# Planting Bare Root Seedlings in Area Errantly Sprayed with 2,4-d



## tzonehunter (May 3, 2015)

Hi,

A new guy was doing an application in a wildlife area and grabbed the wrong jug. We were using glyphosate, and he sprayed 2,4-d amine (40% concentration).... a lot of it. Luckily I caught it right away, and it was only applied to about a 1/3 acre area. It was applied at a rate of 3.5 cups / acre. The customer is supposed to plant bare root tree seedlings (tamarack, white pine, swamp white oak, and bur oak) in this area in two weeks. I have informed the customer, but I need to get back to him with more guidance as to what to do.

Thanks,
C


----------



## kyle1! (May 4, 2015)

The instructions that came with the 2 4 D or found online should be able tell you how long you have to wait before planting.

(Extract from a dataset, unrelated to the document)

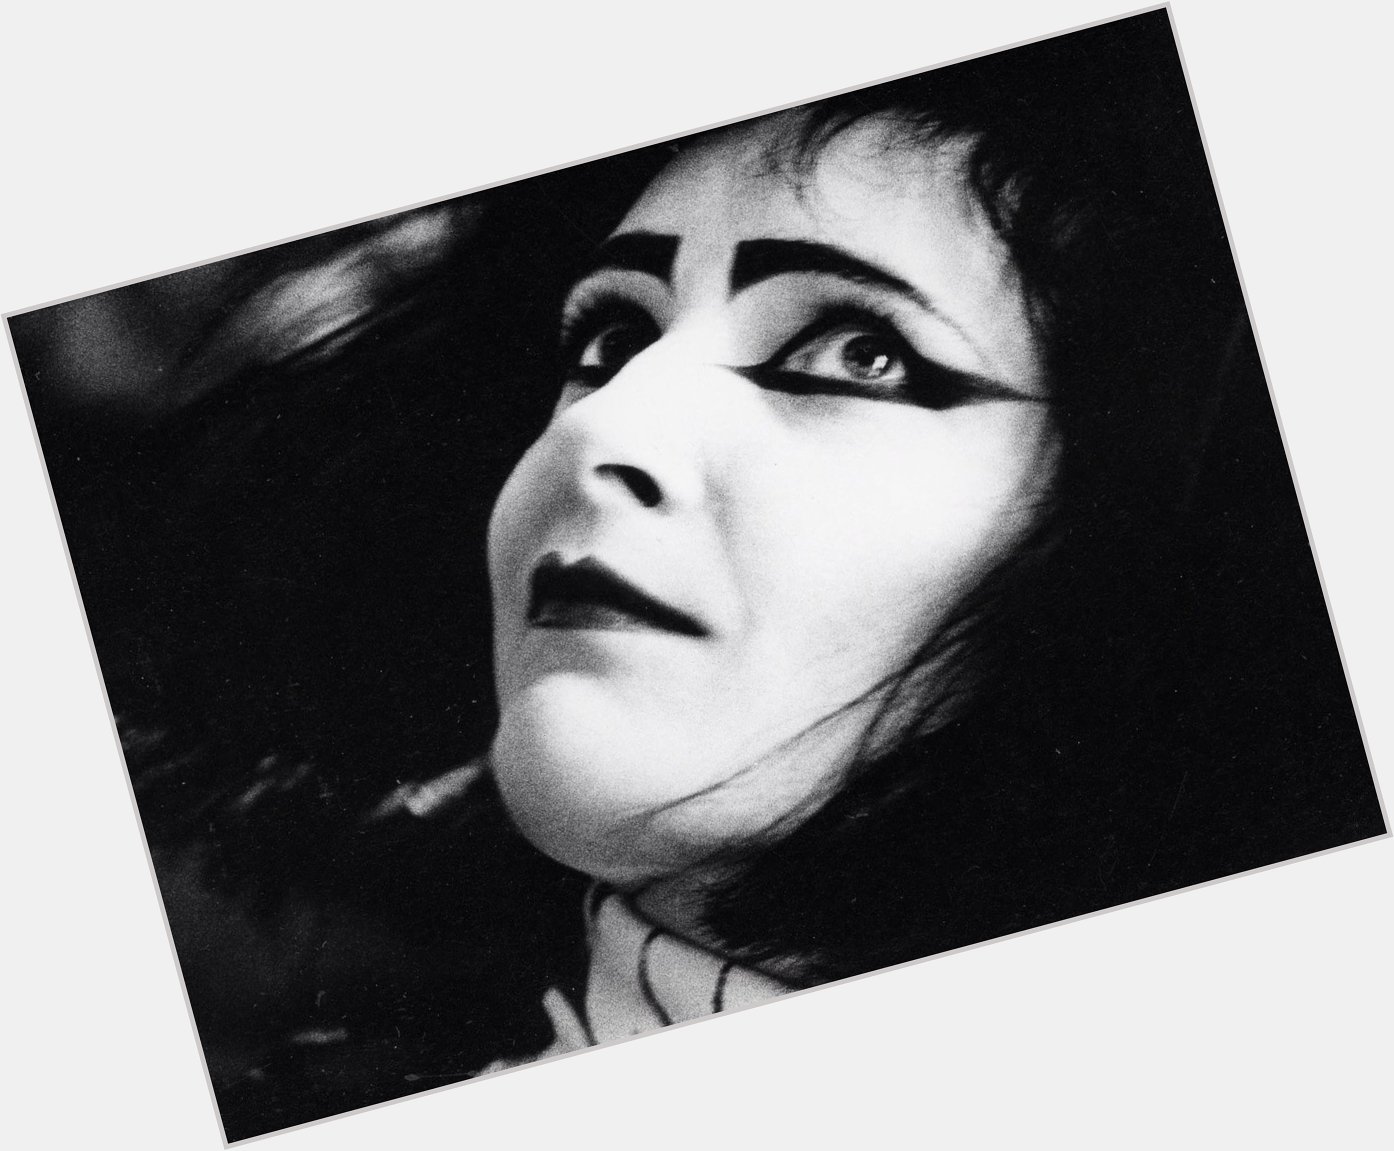 May 27th, happy birthday to punk icon siouxsie sioux, she\s such an inspiring person and character

I would think 2 weeks is enough tme between the application and planting to not cause a problem. When in doubt read the instruction. Usually if I post incorrectly people here will quickly correct me.


----------



## MCW (May 6, 2015)

Hi mate.
I was asked to comment here by somebody on a different page. The longest plantback period on 2,4-D labels is 14 days on any crop. These plantback periods are for field crops but field crops do tend to be far more susceptible to herbicide residues from a plant back point of view than tree crops. The plantback times given on 2,4-D labels are also a worst case scenario so you can be confident that the "actual" plant back periods are far less than 14 days. My day job is as a technical agronomist and I'm involved in a lot of herbicide trial work. I've have also been involved unfortunately with off target lawsuits from 2,4-D spray drift into horticultural crops.
Unless something out of the ordinary has occurred you'll have no issues planting bare rooted trees back on that ground in 14 days after the 2,4-D was accidentally applied.
All the best,
Matt


----------



## tzonehunter (May 7, 2015)

MCW

Thank you! I spoke with a Wisconsin DNR Nursery Tech, and he said the same thing. I'll let them know that they should be good to go to plant the seedlings!

Thanks again.
C


----------



## tzonehunter (Jul 6, 2015)

Just wanted to post an update on this. The customer did plant the trees in the area errantly sprayed with 2,4-D on May 16, about 2 weeks after the 2,4-d was applied. Thus far, the trees appear to be unaffected. The customer planted oaks, cedar, and white pine in this area. All appear to be unaffected by any 2,4-D residual in the soil. This was the foliar, aquatic label 2,4-D (the amine).


----------



## MCW (Jul 6, 2015)

Good to hear all is OK


----------